Es wird zum Abend etwas kühler, und die Fliegen drehen auf. So ist das auf dem Lande, sagt J., läßt sich noch ein Bier reichen und schaut zufrieden über die Kaffeetafel, die Baustellen, den Hof voller Sonne und Leben. Wieder ein Jahr. Es wächst, es wird.
Mein Herz schlägt da eigene Wege ein. Auf einmal halte ich die Luft an, und in mir geht die Sonne auf, während ich am liebsten hüpfen würde: Ist. Das. Wunderbar.
Es sind Menschen, Geschichten, Zufälle und Ideen, die mein Entzücken wecken: Menschen, die für etwas brennen. Ein Bild mit einer hübschen Absurdität. Kleine, um einen Fehler herum funktionierende Systeme; alte Gebräuche, die als schöne Hülle vorsichtig weitergereicht werden. Sinn abseits von Verdienst; die Würde des Kaputten. Dinge, die sich der Funktion entziehen, Menschen, die nicht passen wollen. Sehnsucht. Das Größere, nie Ganze auf den zweiten Blick.
Ein Teil meiner selbst schaut nachsichtig: Haste wieder was gefunden?, aber selbst dieser Teil wird ganz still, wenn es um Liebe geht, so unbegreiflich und zwecklos, wie sie nun eben ist, und wider alle Zerbrechlichkeit. Die macht mich lange froh, und ich fürchte wenig, solange es sie gibt.
Vor Ventilatoren liegen und hoffen, daß es bald vorbei ist. Die Wahrnehmung ist in der Hitze zusammengeschnurrt und reicht nicht mehr ganz bis an die Welt heran.
Zwei Touristen auf der Domplatte:
Ein Freund schreibt seit zehn Jahren einen Roman, jeden Tag ein wenig. Vor zwei Jahren dachte er, kurz, er wäre gleich fertig.
Ein anderer schreibt dicke Bücher. So ein Marathon, meint er, habe etwas Beruhigendes. (Ich hingegen gehe gern ein paar Schritte spazieren.)
Ich solle mich nicht so reinhängen oder mich besser bezahlen lassen. Wie man's bei anderen immer besser weiß. Das ist nicht mal professionelle Verbeulung, das ist einfach die Begrenzung des Menschen.
Warten und warten.
Tide und Wind sind günstig: alle zugleich tuckern sie aus dem Hafen, die Klipper, Tjalken und Aaken, eine lange Prozession schwarzer Rümpfe, und setzen Segel gleich hinter dem Hafenfeuer. Da verstummen die Motoren, fächert sich die Flotte auf; aus der Parade wird ein Menuett, gespreiztes Segeltuch und schaumiges Wasser, Segel hinter Segel bis zum Horizont, still und unwirklich schön. Statt Handelswaren tragen sie heute Schulklassen und Feriengäste, bunt aufs Oberdeck getupft, winkend.

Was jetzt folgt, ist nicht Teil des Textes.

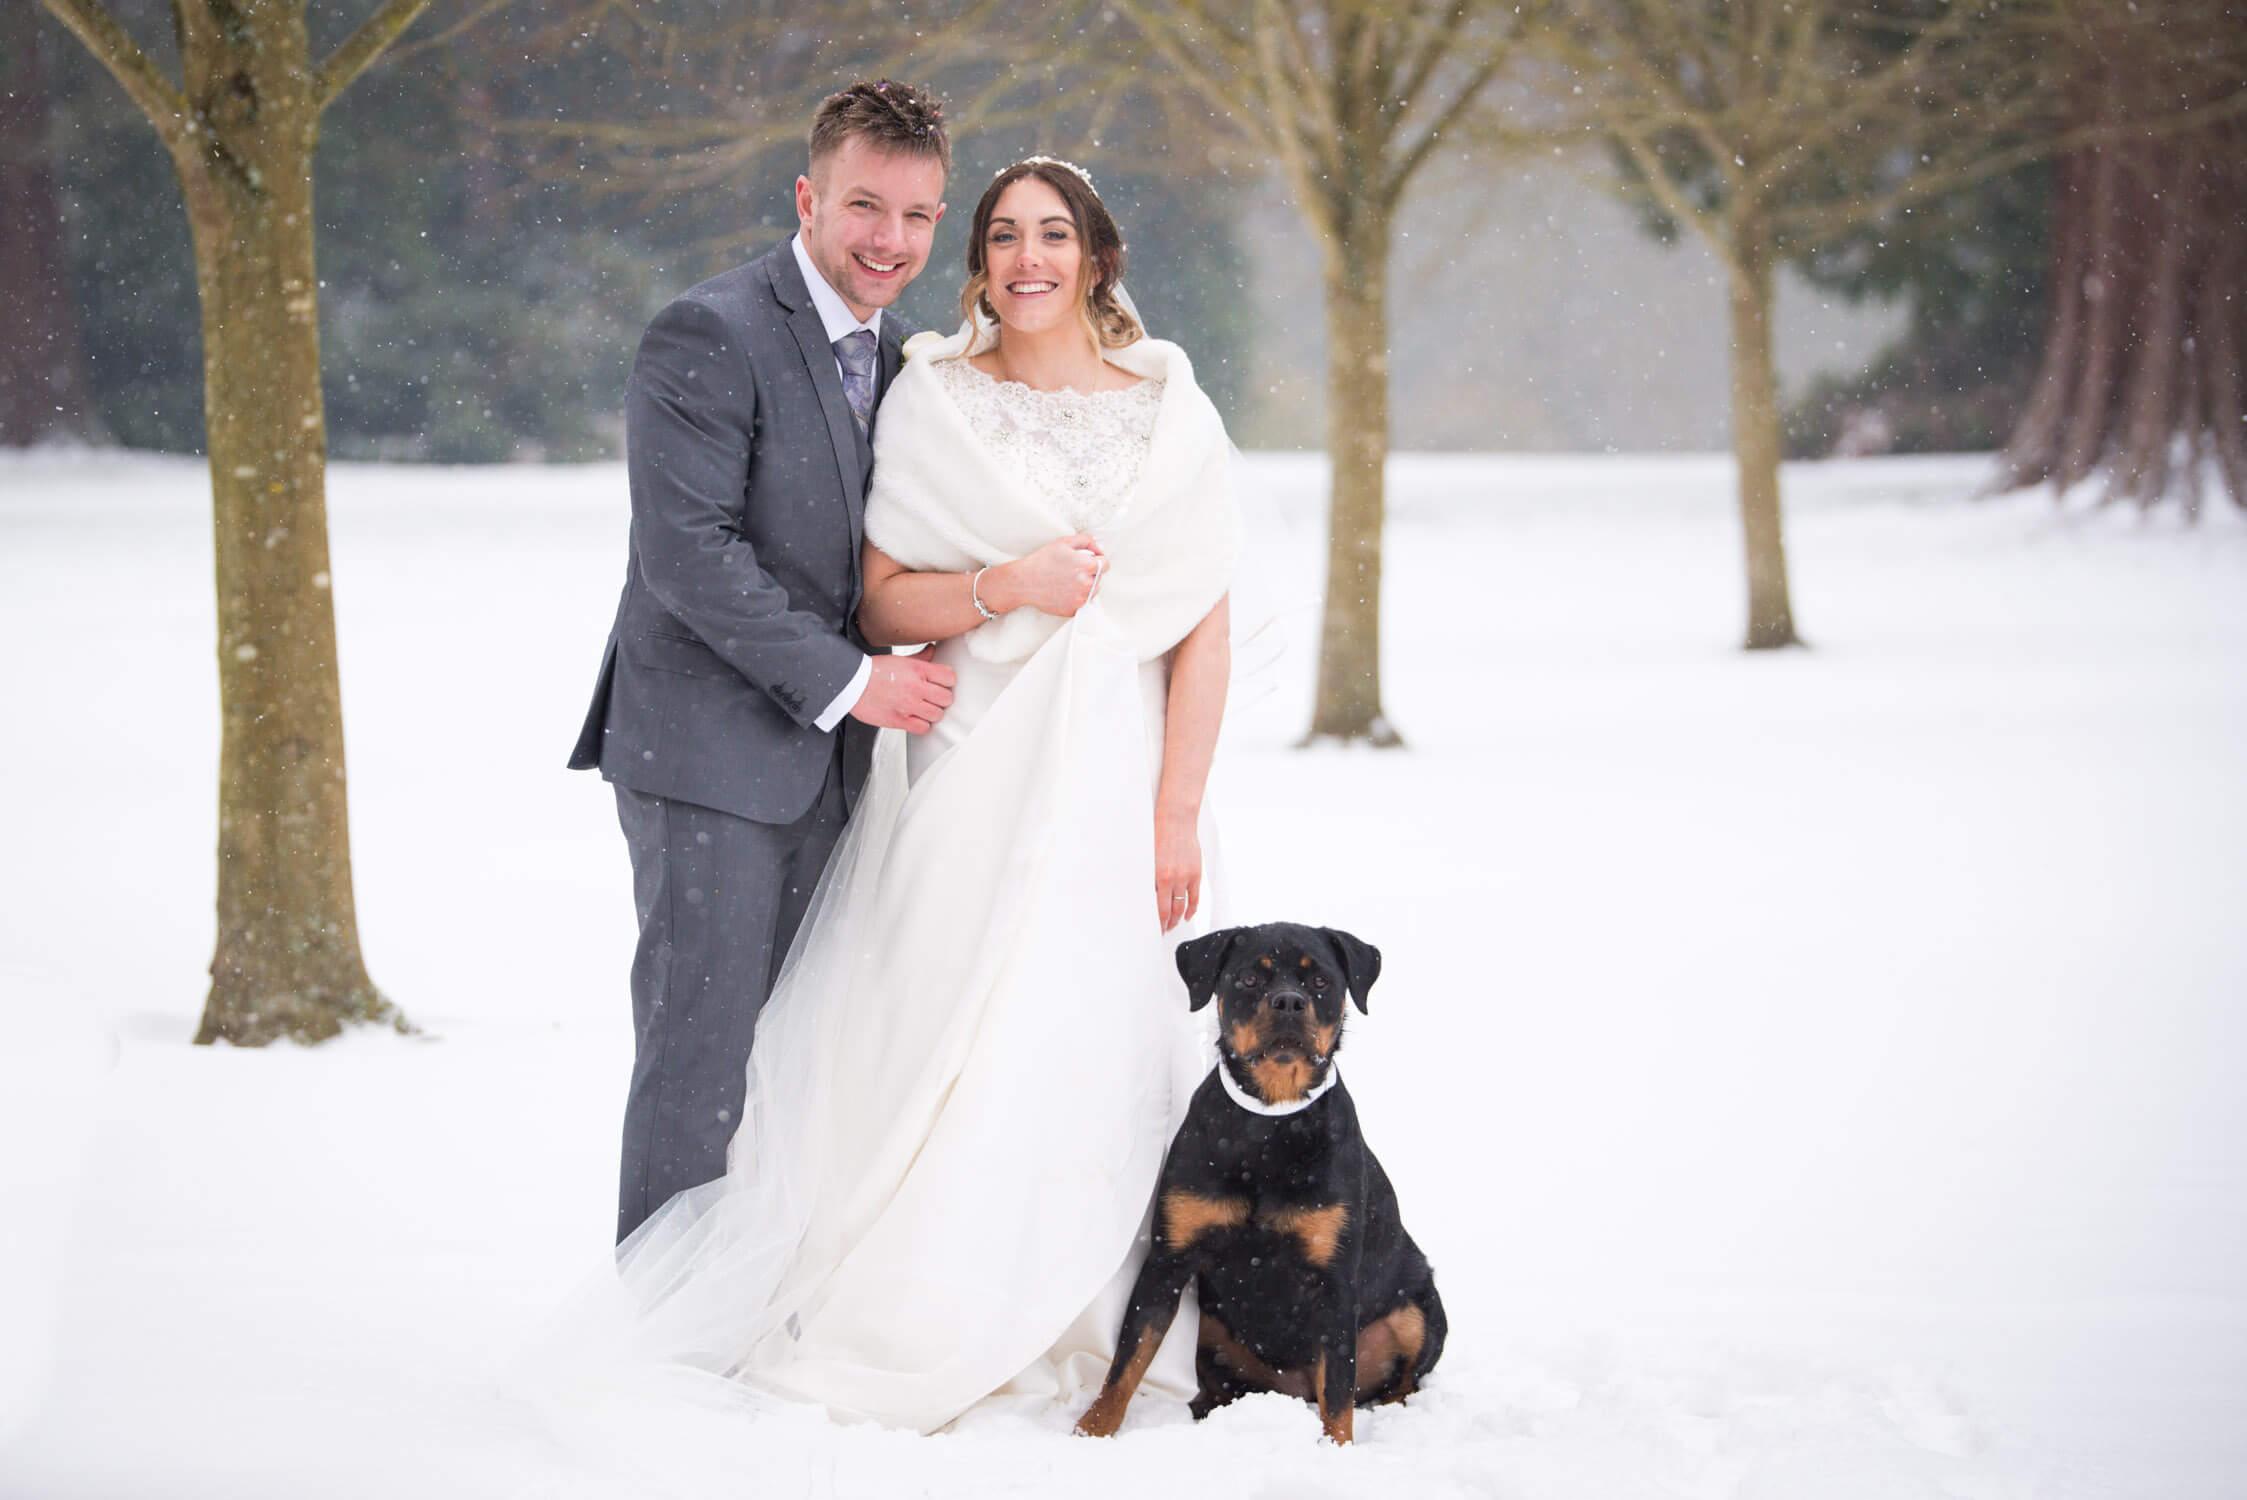 Winter Wedding at Tylney Hall

Nach dem Tag liegen die alten Schiffe wieder dicht an dicht am Kai. Keins ist wie das andere, lauter Sonderanfertigungen. Die Masten schwanken kaum merklich, ein lichter Wald; der Wind rauscht in Leinen und Tauen wie in jungen Kiefern. Zwischen den Rahen hängt der Mond. Mild erleuchtet er den endlosen Abend. Unter das Gluckern des Hafenwassers mischen sich Gespräche, Musik, überschäumende Stimmen. In ein paar Tagen werden die Schiffe mit anderen Gästen hier liegen, auch nach hundert Jahren immer wieder neue Fracht.
Ruhiger, aber nicht still ist es am frühen Morgen, wenn die Sonne noch Kraft sammelt. Ich trinke den ersten Kaffee aus einer dieser gläsernen Tassen, lausche an Deck Seevögeln und Motoren, Hammerschlägen, knallenden Tauen und dem Wind und erwarte den Tag. Zwei geschenkte Stunden voller Schönheit.

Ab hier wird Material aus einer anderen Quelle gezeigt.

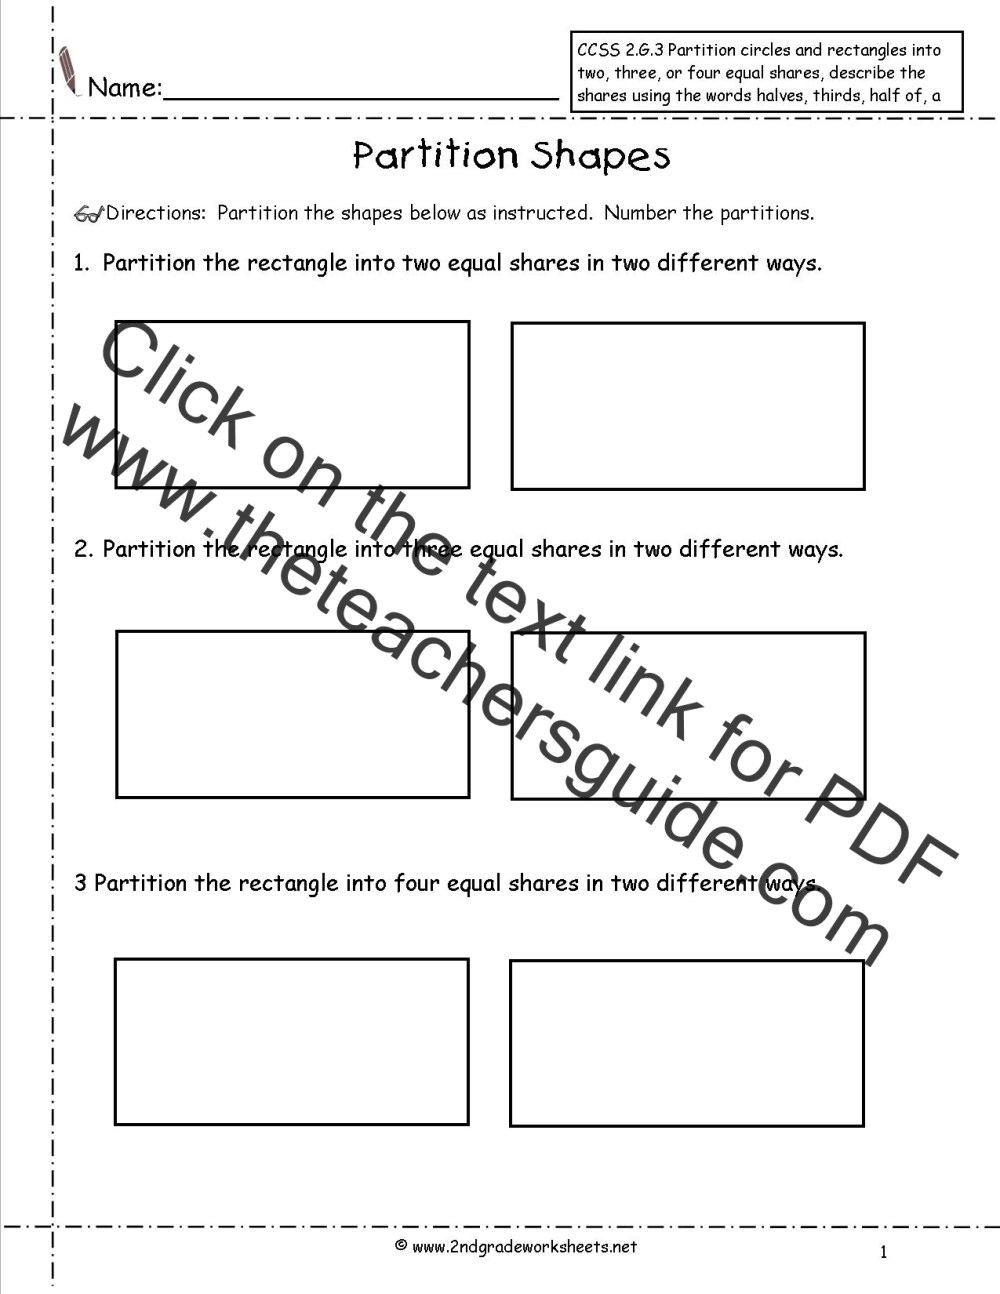 medium resolution of CCSS 2.G.3 Worksheets

Die Autofahrt heim strengt mehr an als alle Arbeit an Bord. Die Aufmerksamkeit muß pausenlos sein und darf bloß nicht ins Weite; es fehlt an Wind, an Himmel. Bei Einbruch der Dunkelheit drängen sich die LKWs auf den Rastplätzen dicht an dicht, aufragende Schatten – ich denke mir Masten hinzu und ein Schwanken – im Hafen zur Nacht.
[Alles übers Wattsegeln.]
Ich zähle zur recht großen Gruppe der Ungeselligen. Das ist mir nicht neu; doch was immer noch zwackt, ist, mißverstanden zu werden, aufgrund falscher Annahmen einen verkehrten Platz zugewiesen zu bekommen. Ich bin nicht Gruppentier genug, irgend etwas richtigzustellen.